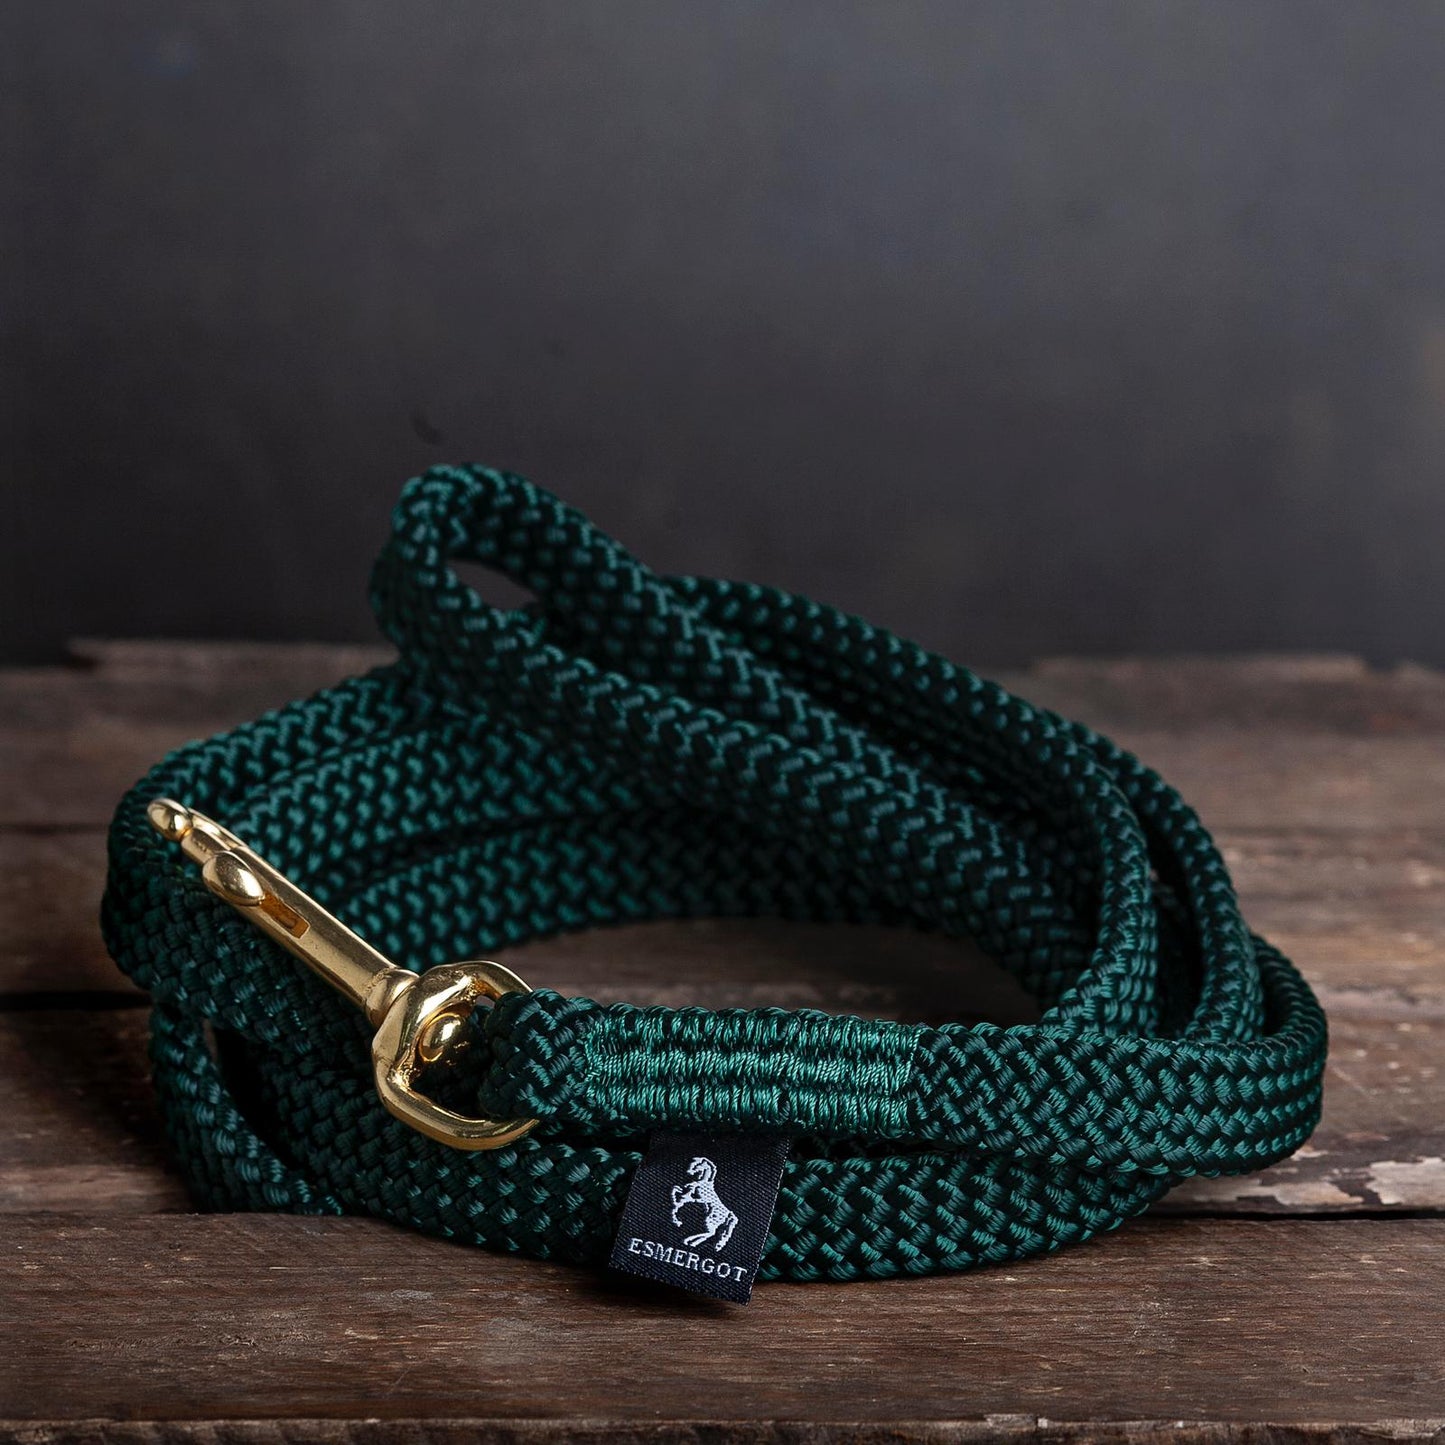 Dog leash with brass shaker
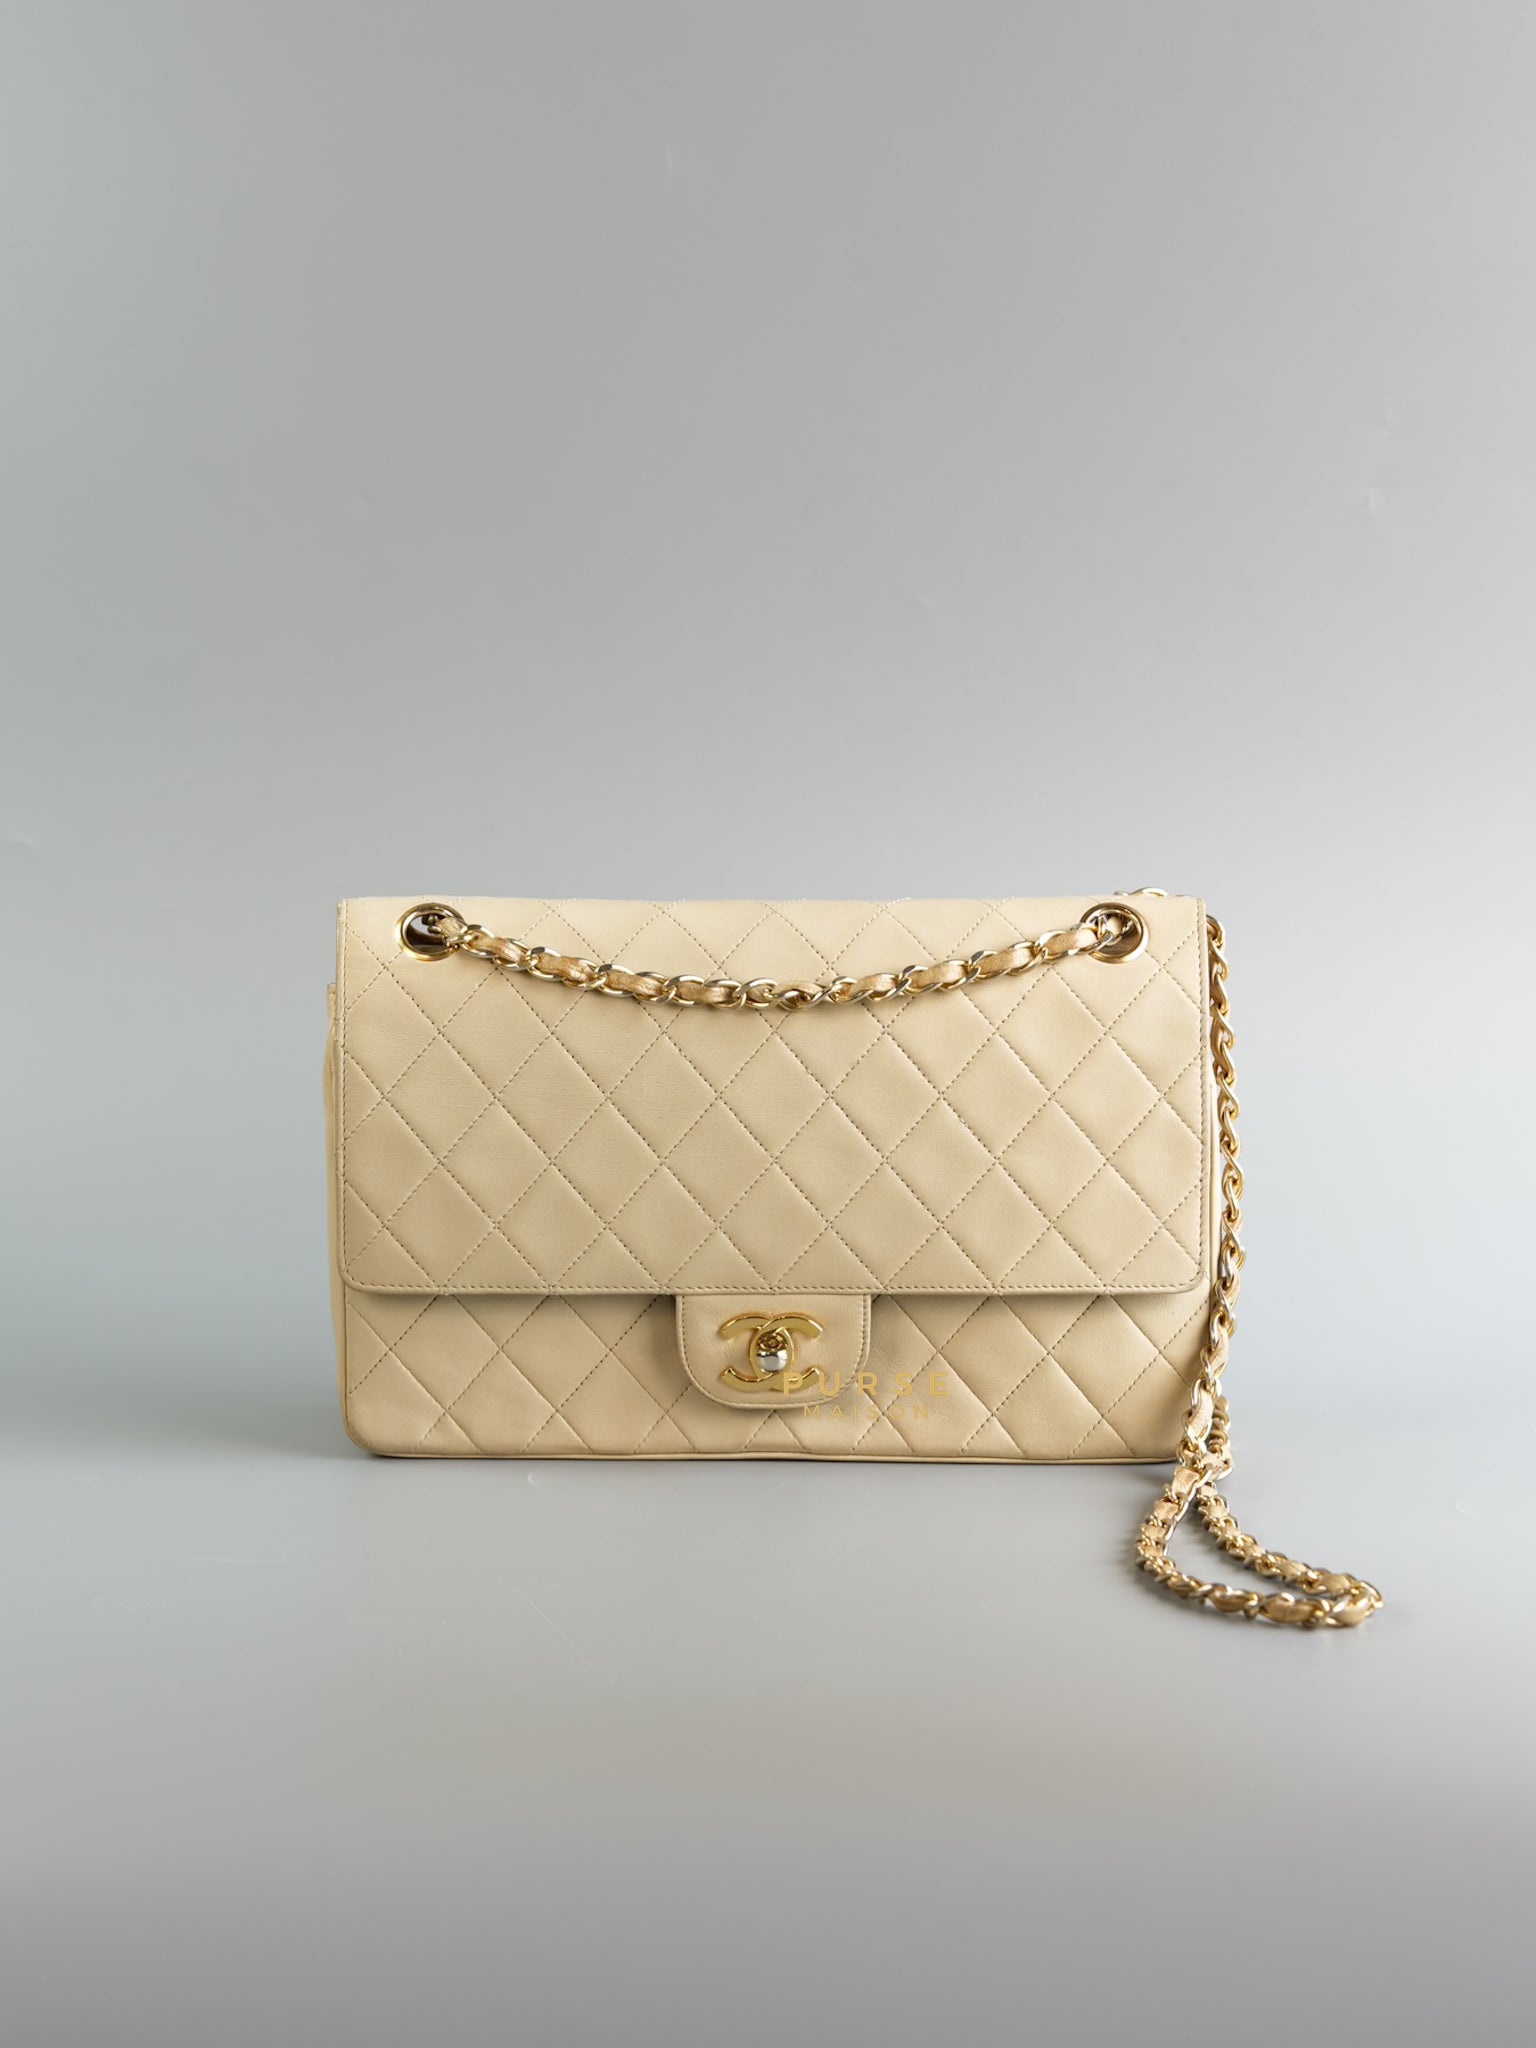 Vintage Classic Double Flap Medium in Beige Lambskin and 24k Gold Hardware Series 0 | Purse Maison Luxury Bags Shop
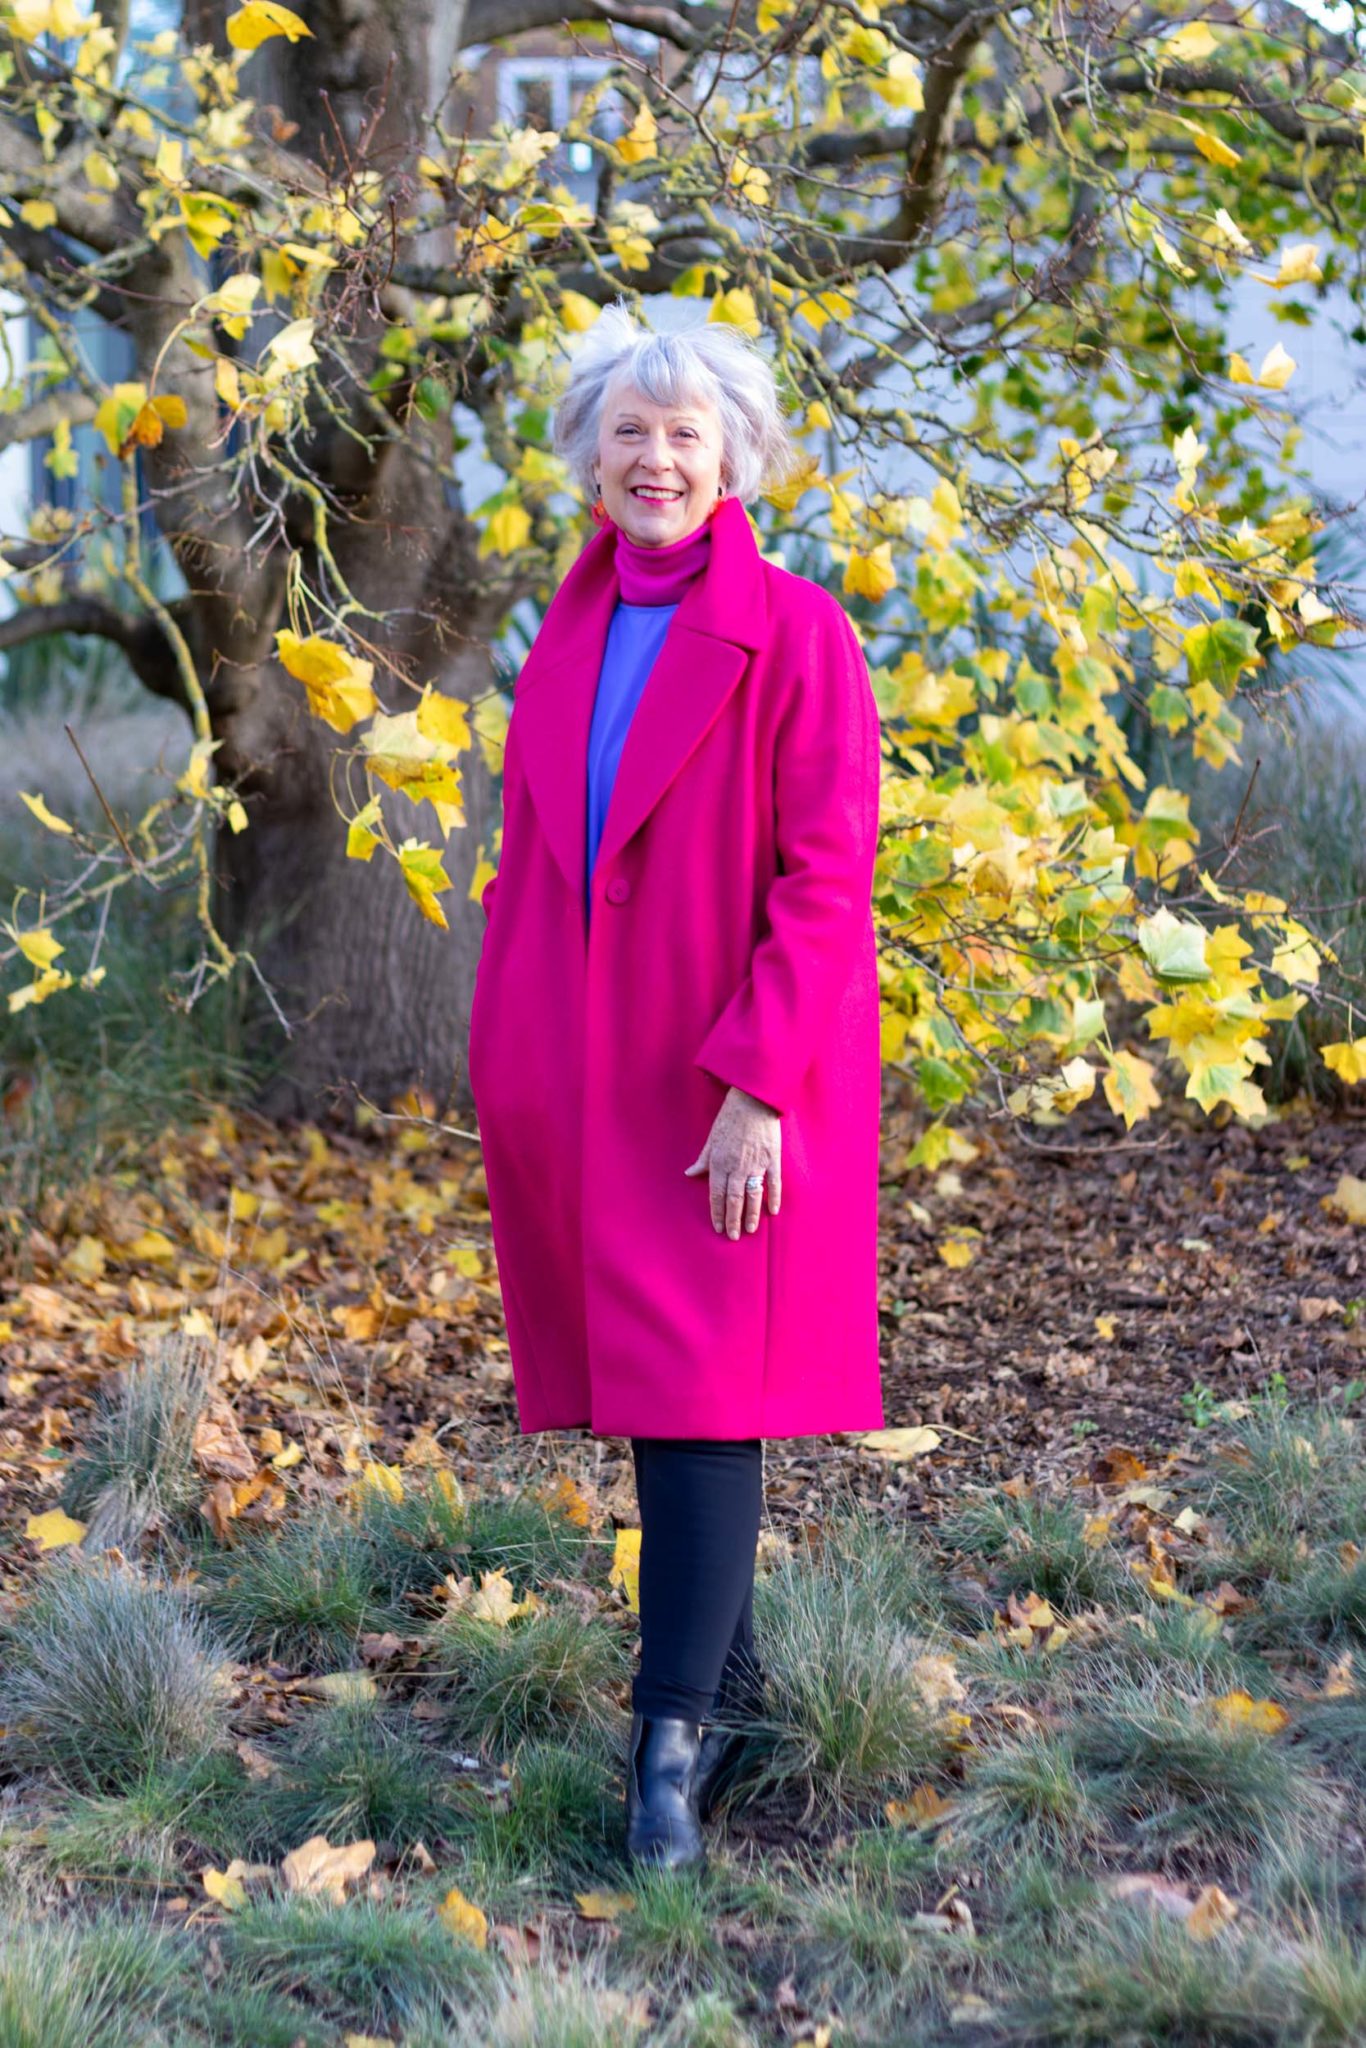 How to wear bright colours during the winter months - Chic at any age

_Required work_:
Copy out all the data exactly. The images should not appear in the copy.

_Response below_:
 Dog leash with brass shaker
 Vintage Classic Double Flap Medium in Beige Lambskin and 24k Gold Hardware Series 0 | Purse Maison Luxury Bags Shop
 How to wear bright colours during the winter months - Chic at any age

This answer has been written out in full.